# H says I'm unreasonable, I say he's irresponsible - LONG



## Lovebug501 (Aug 30, 2011)

Brief history:

We are trying to reconcile after my WH's affair. He's made changes. I've made changes. I filed for divorce on DDay, moved into an apartment less than a month later. 2 months later, I can see the damage our separation is doing to our children and I try to give him another chance. I offer that once our house sells, he can move in to the apartment.

He starts staying the night every night. I'm working 2 jobs (70+ hours a week). I find out (by certified letter) that he isn't bothering to pay the mortgage on the house. His response: "I thought you were doing that!"

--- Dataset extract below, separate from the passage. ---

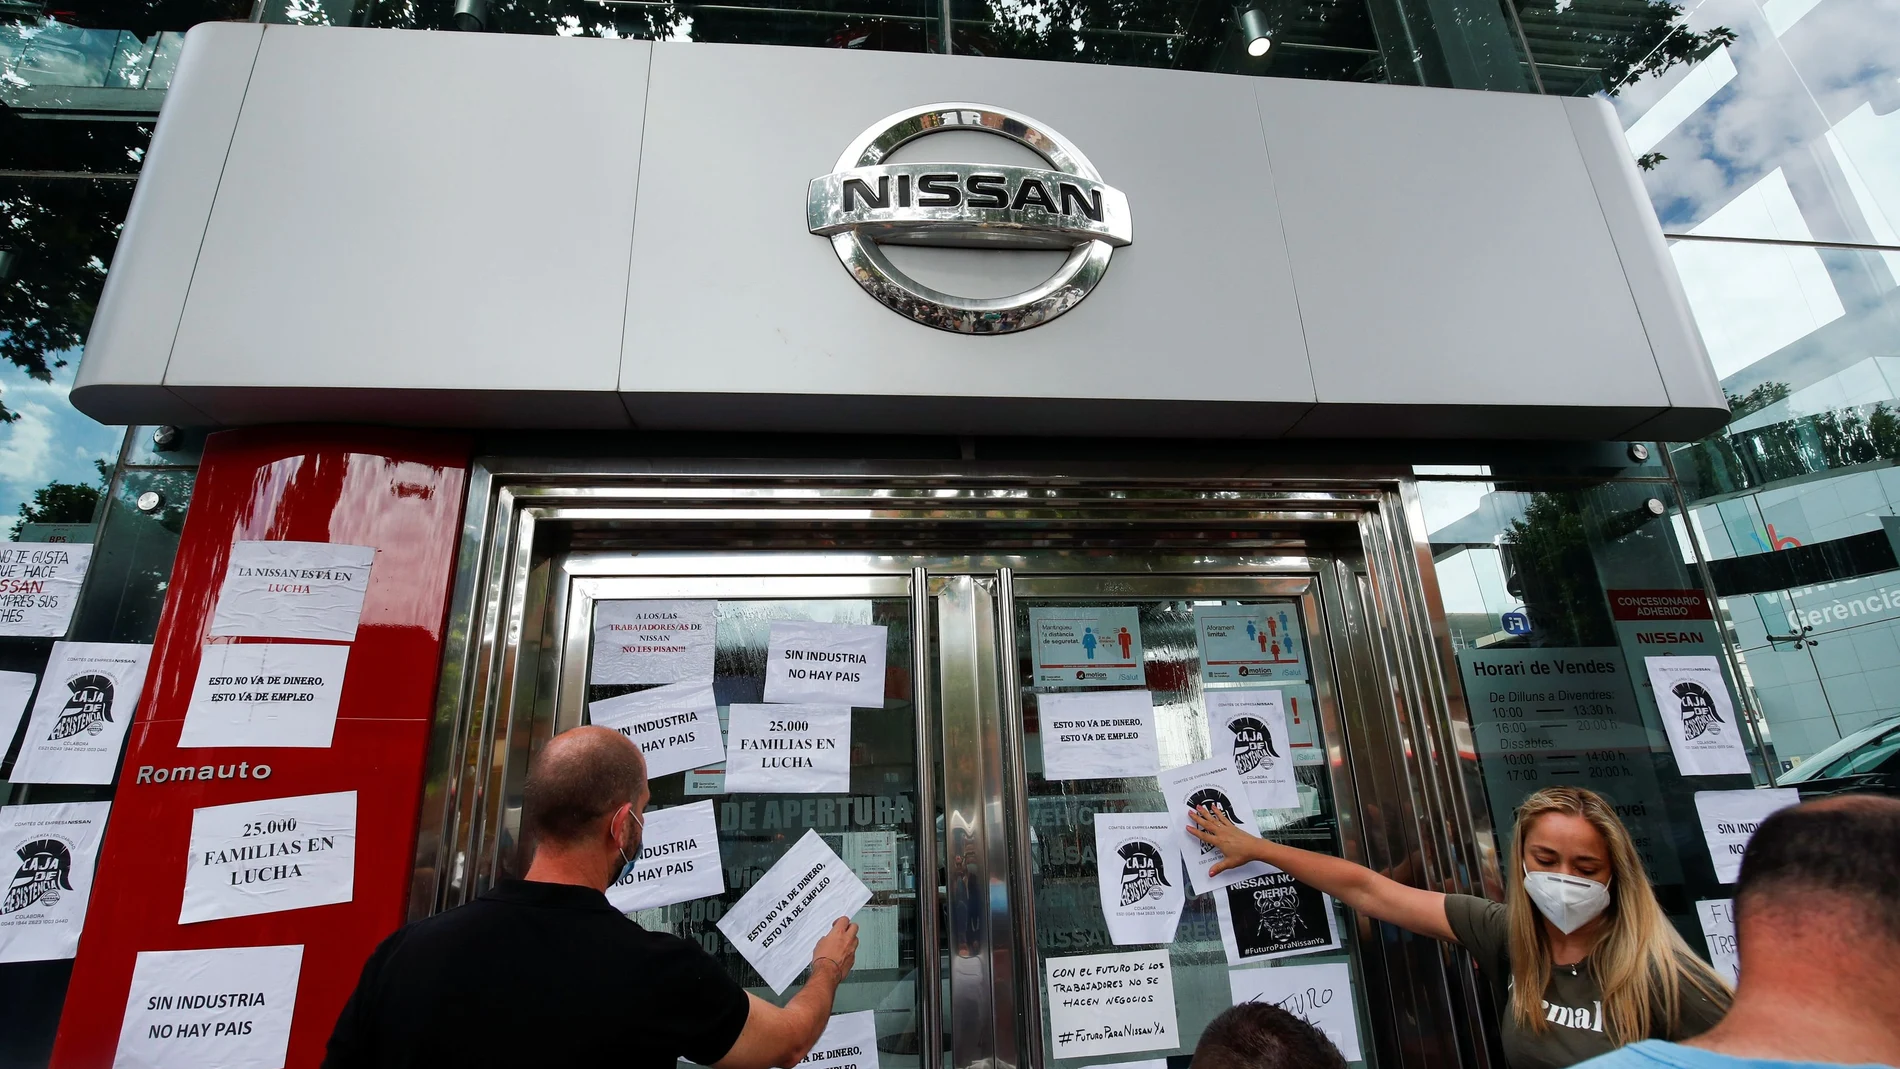 Protest against the closure of the Nissan factory in Barcelona

Keep in mind that I've been the one to make sure the rent/mortgage and car payments were paid in the past. I was the one to negotiate the purchase of the houses and the sale of mine in the past. I've always had a full time job and for at least 2 years of our marriage, a part time job on the side. He got a part-time job for about 2 months but quit because "he wasn't giving it his all" because he couldn't be bothered to put aside other things to assemble bicycles for 3 hours.

I had to do all the work to get the house listed this time around. Constantly hound him about getting the realtor a key (and eventually, I gave him my key). H was out of town on business and the house started to show and it was a mess, so I went to the house (and with 2 toddlers), cleaned as much as I could. 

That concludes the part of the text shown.